Rank, Service Number & Service Details

Private
36345
Bedfordshire Regiment
12th Bn.

Awards: Service Medals/Honour Awards

Searched but not found

Cemetery/Memorial: Name/Reference/Country

NORTHCHURCH BAPTIST CHAPEL BURIAL GROUND
United Kingdom

Headstone Inscription

None

UK & Other Memorials

Northchurch Village Memorial, St Mary’s Church Window, Northchurch, Northchurch Baptist Church Memorial

Pre War

William was born in 1877 the son of Walter and Emily Sear (nee Deacon) and one of five children.

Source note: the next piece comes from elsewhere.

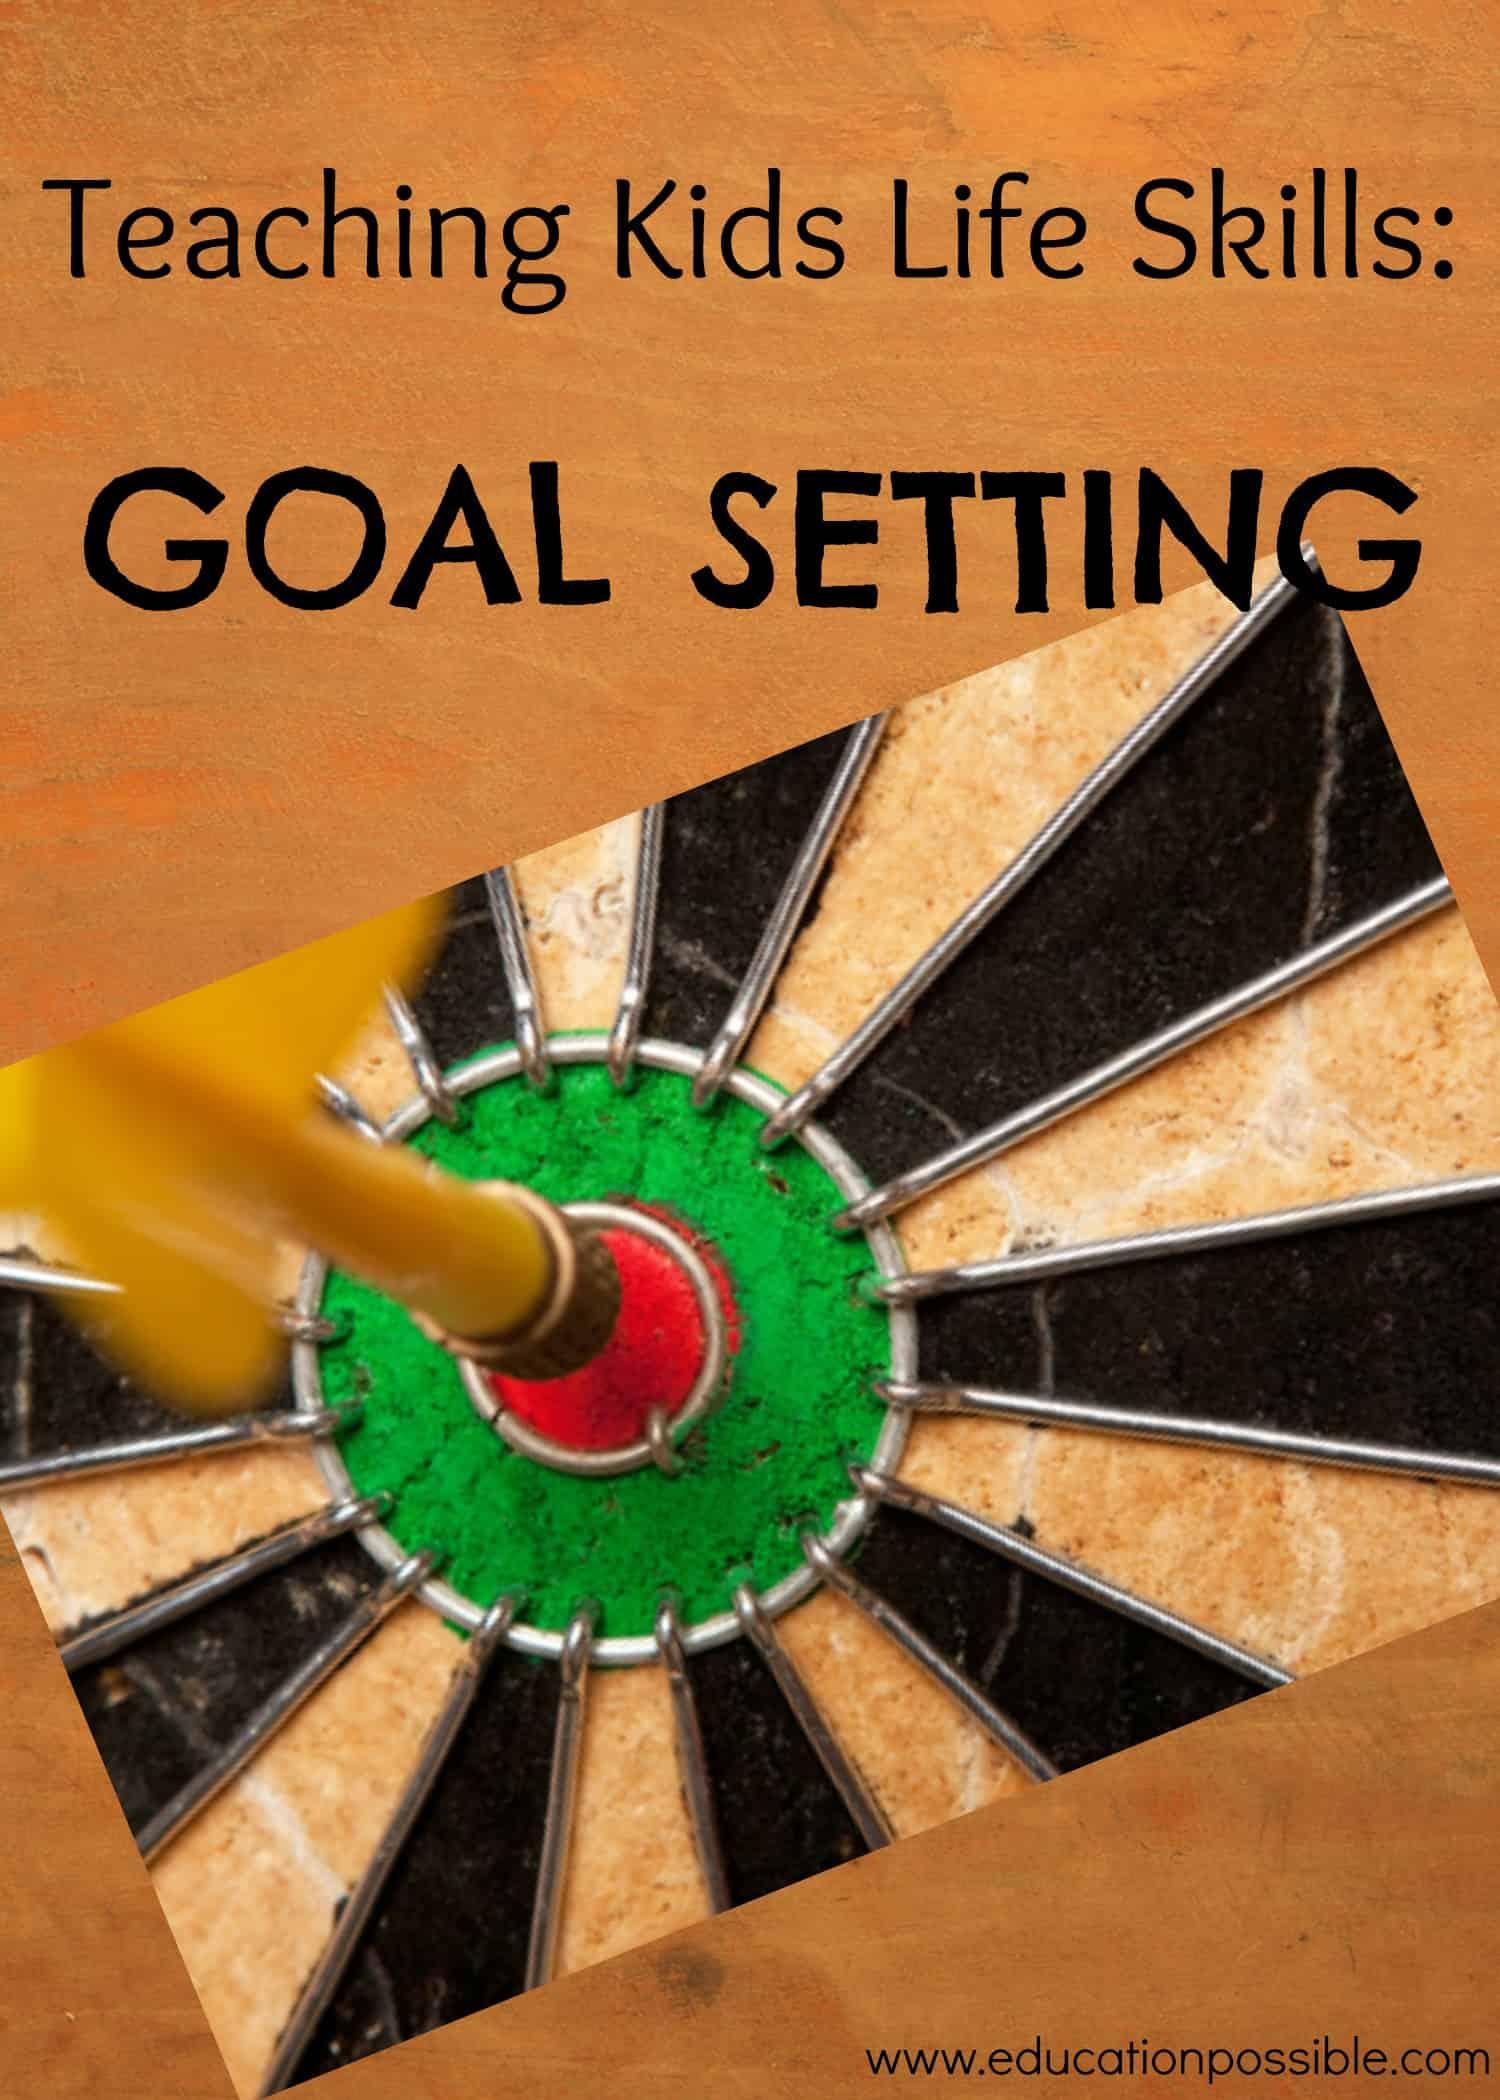 Teaching Kids Life Skills Goal Setting

On the 1881 Census the family were living at Orchard End, Northchurch where his father was working as a bricklayer. His mother died in 1890 aged 36 and on the 1891 Census the family remained in Orchard End with William being one of five children being looked after by his aunt Sarah Ann Sear as housekeeper. His father remarried in 1893 to Annie Deacon (possibly his sister in law). They had moved to Clarence Road, Berkhamsted by 1901 and William, like his father, was working as a bricklayer.

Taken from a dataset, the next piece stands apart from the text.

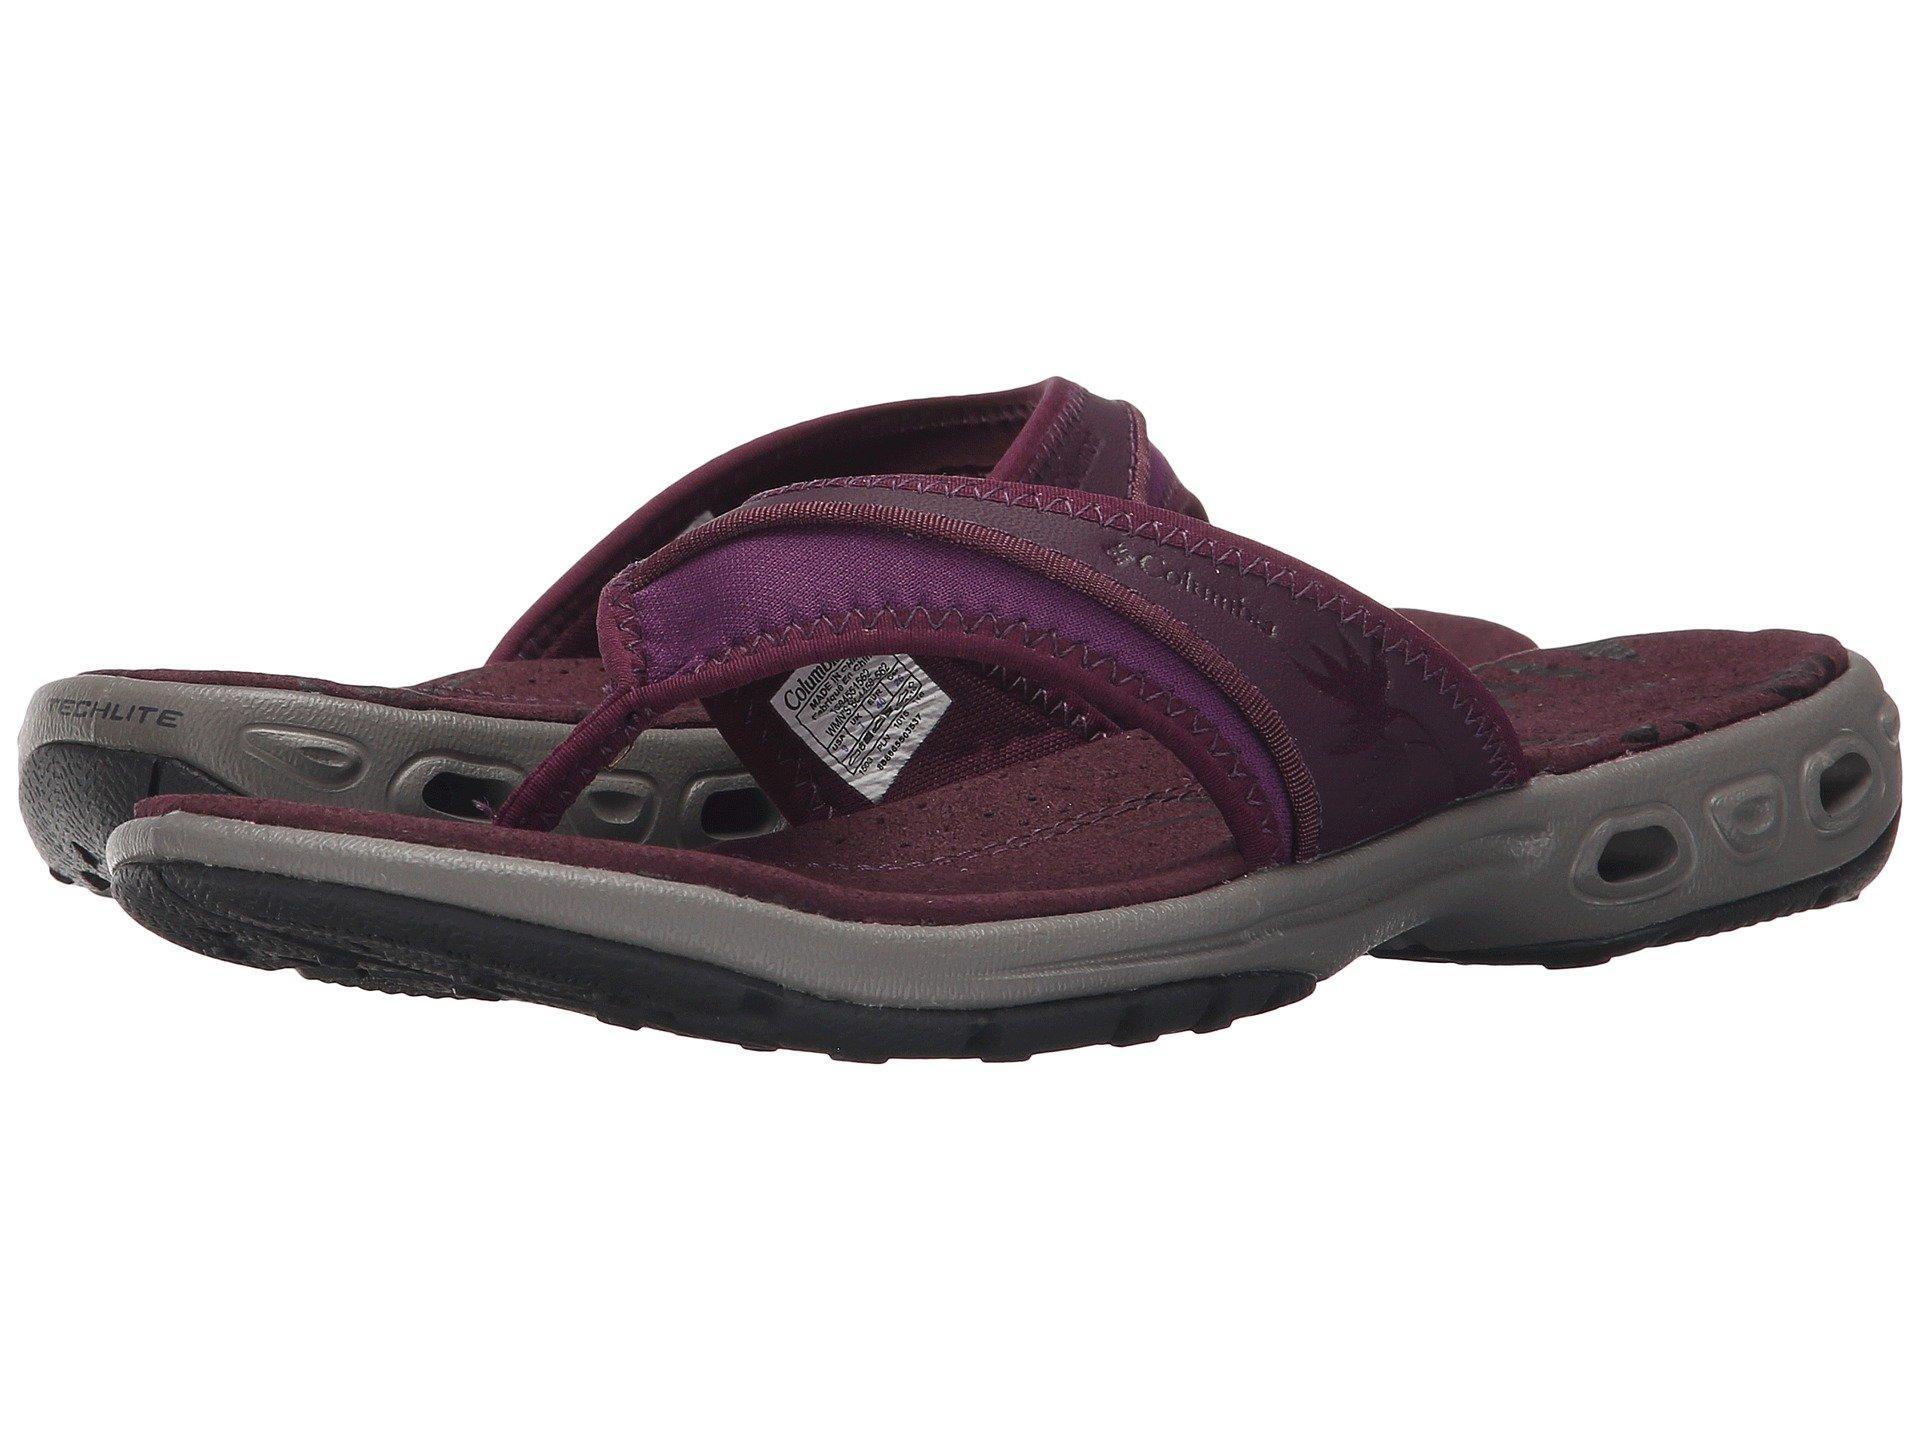 acc8e34861f Columbia Kambi™ Vent In Purple Dahlia Glory

He married Kate Mary Jones in 1907 and on the 1911 Census they were living at Orchard End, Northchurch. 

Wartime Service

The following is an extract from 'Northchurch Memories' group on Facebook:

"William Sear, a married man of 39 from Northchurch and regular attendee at the Baptist Chapel, received his conscription papers in the summer of 1916.  William had spent the previous two years trying his best to keep his ageing uncle's building, dairy and market garden running by working all hours of the day, and had watched helplessly as his fellow workmates had either volunteered to serve in the army or had been conscripted. All appeals for his exemption were rebutted by the authorities, and being found unfit for front-line service, William was assigned to 12th (Transport Works) Battalion, Bedfordshire Regiment, a home defence unit based in Newhaven, tasked with keeping the port running.

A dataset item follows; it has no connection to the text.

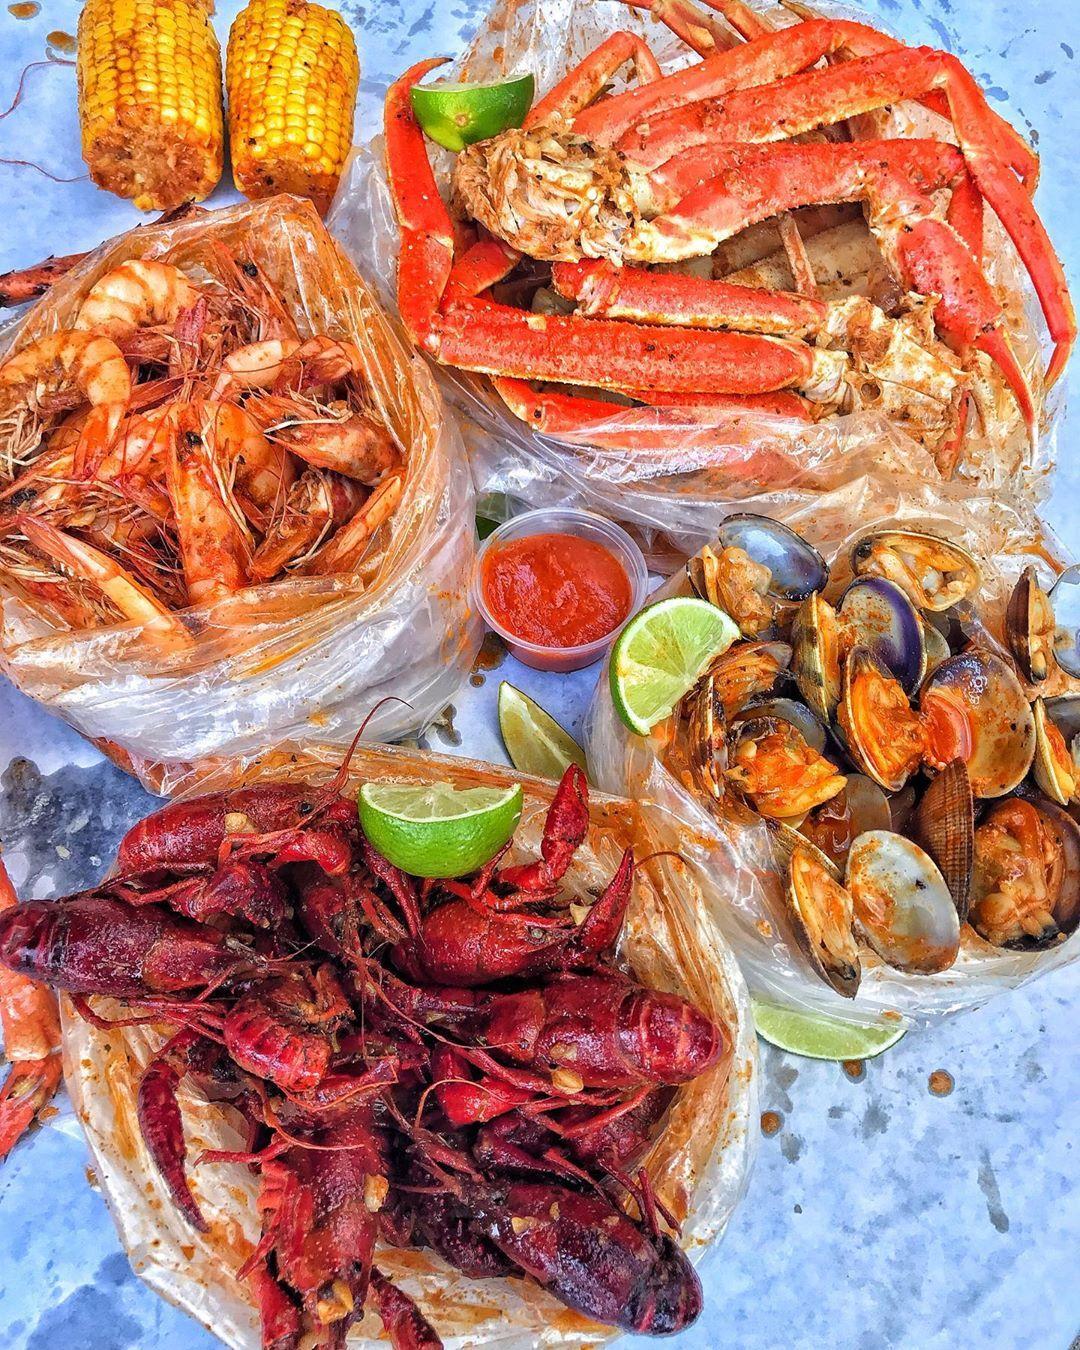 The Kickin Crab On Instagram The Kickin Crab Now This Is A Meal Crawfish Shrimp Crab Ki Seafood Recipes Food Cajun Recipes Easy

Not long after his arrival in Newhaven in February 1917, William started complaining about pains in his head and became increasingly depressed and nervous.  On the afternoon of 8th April he told his landlady that he was going for a walk; he was not seen alive again.  The following day William's body was found hanging in a barn on the outskirts of Newhaven. The subsequent inquest found that William had 'committed suicide by hanging himself whilst insane at the time'. William's body was subsequently returned to Northchurch and now lies in a grave in the old Baptist Chapel graveyard in Bell Lane, beneath a Commonwealth War Graves Commission headstone." 

Additional Information

A war gratuity was not admissible but his widow received  pay owing of £4 14s 11d  and a pension of 13s 9d a week. 


Brother John served with the ASC, later transferred to the Essex Regiment, but survived the war.